Sometimes it’s better to just shut up and dance. There was good stuff in Cedar Lake Contemporary Ballet’s performance at the Joyce Tuesday night, but not when the dancers opened their mouths.

Choreographer Sidi Larbi Cherkaoui’s “Orbo Novo” (Latin for “The New World”) was inspired by the book “My Stroke of Insight,” by Jill Bolte Taylor, a brain scientist who suffered her own massive stroke. (Now recovered, Taylor’s since appeared on “Oprah.”)

Although often danced in monolithic unison, “Orbo Novo” had a rushing flow and poignancy in depicting the mental landscape of a stroke victim. In the opening scene, as a man and a woman reached through a large metal grid to each other, the woman pulled herself part of the way through but remained trapped and suspended.
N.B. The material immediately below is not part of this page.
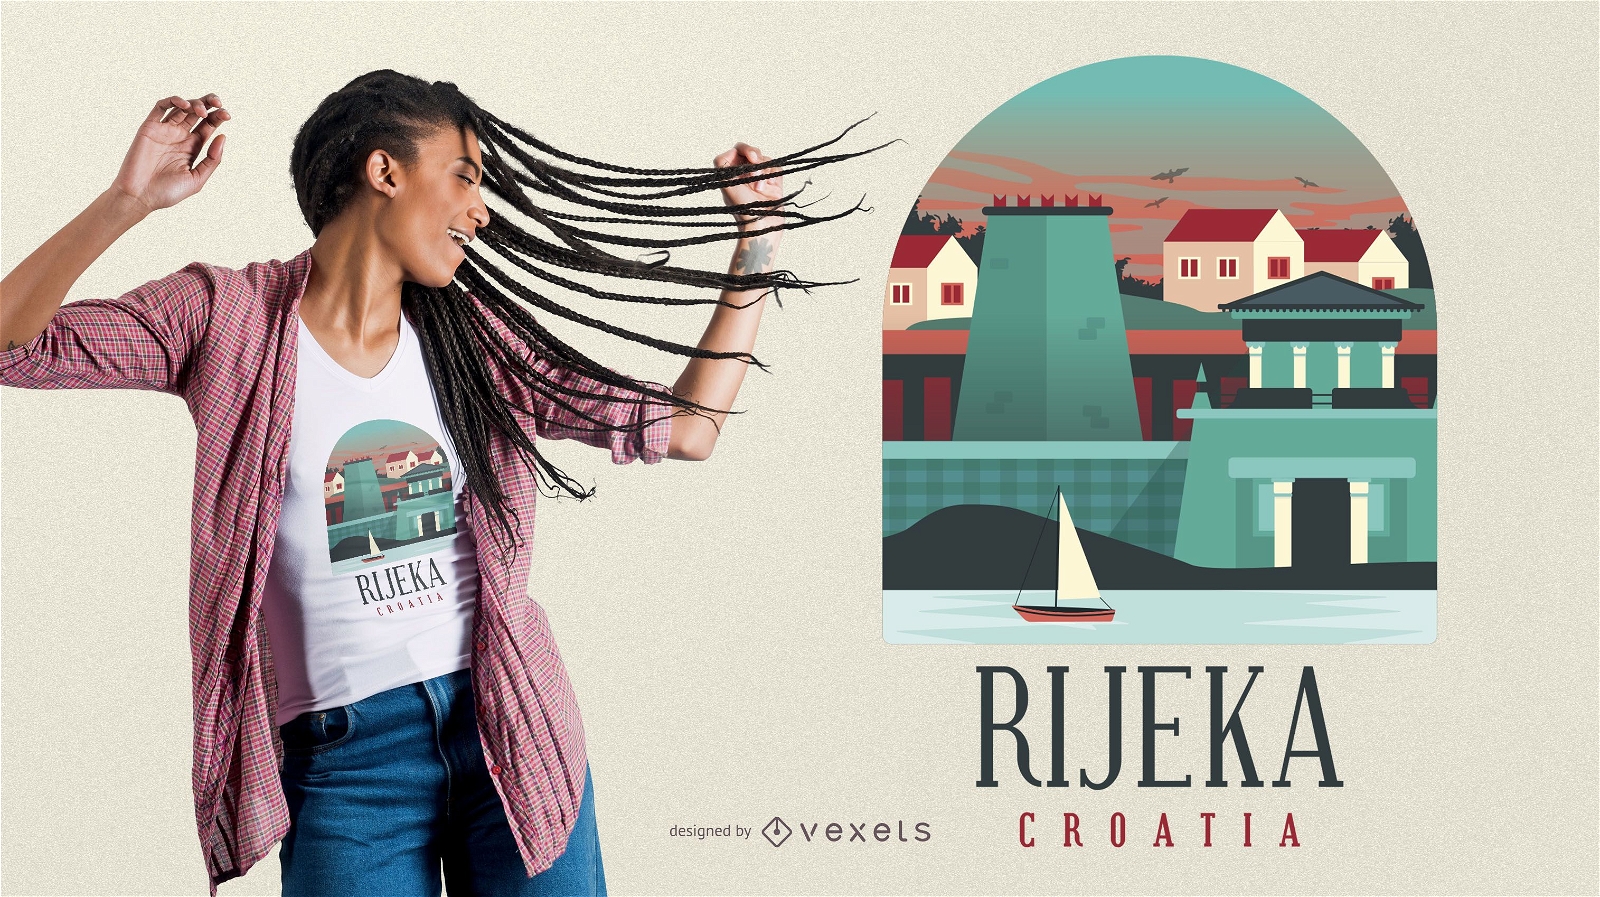 Rijeka Croatia T-shirt Design

Alexander Dodge’s set, composed of movable gridded panels, was ingenious and evocative. Szymón Brzoska’s beautiful score, played live by a piano quintet, was a classy touch.

Things got rough, though, when the dance went from being inspired by Dr. Taylor’s book to being about it. The dancers inexpertly narrated long passages from the book or fell down and twitched.

Cherkaoui is a better choreographer than he is a thinker — do you really want to get your dance ideas from “Oprah” and Dr. Oz? — and the company is better at dancing than talking.

That said, there’s an interesting dance within “Orbo Novo,” if you ignore the prattle and psychobabble.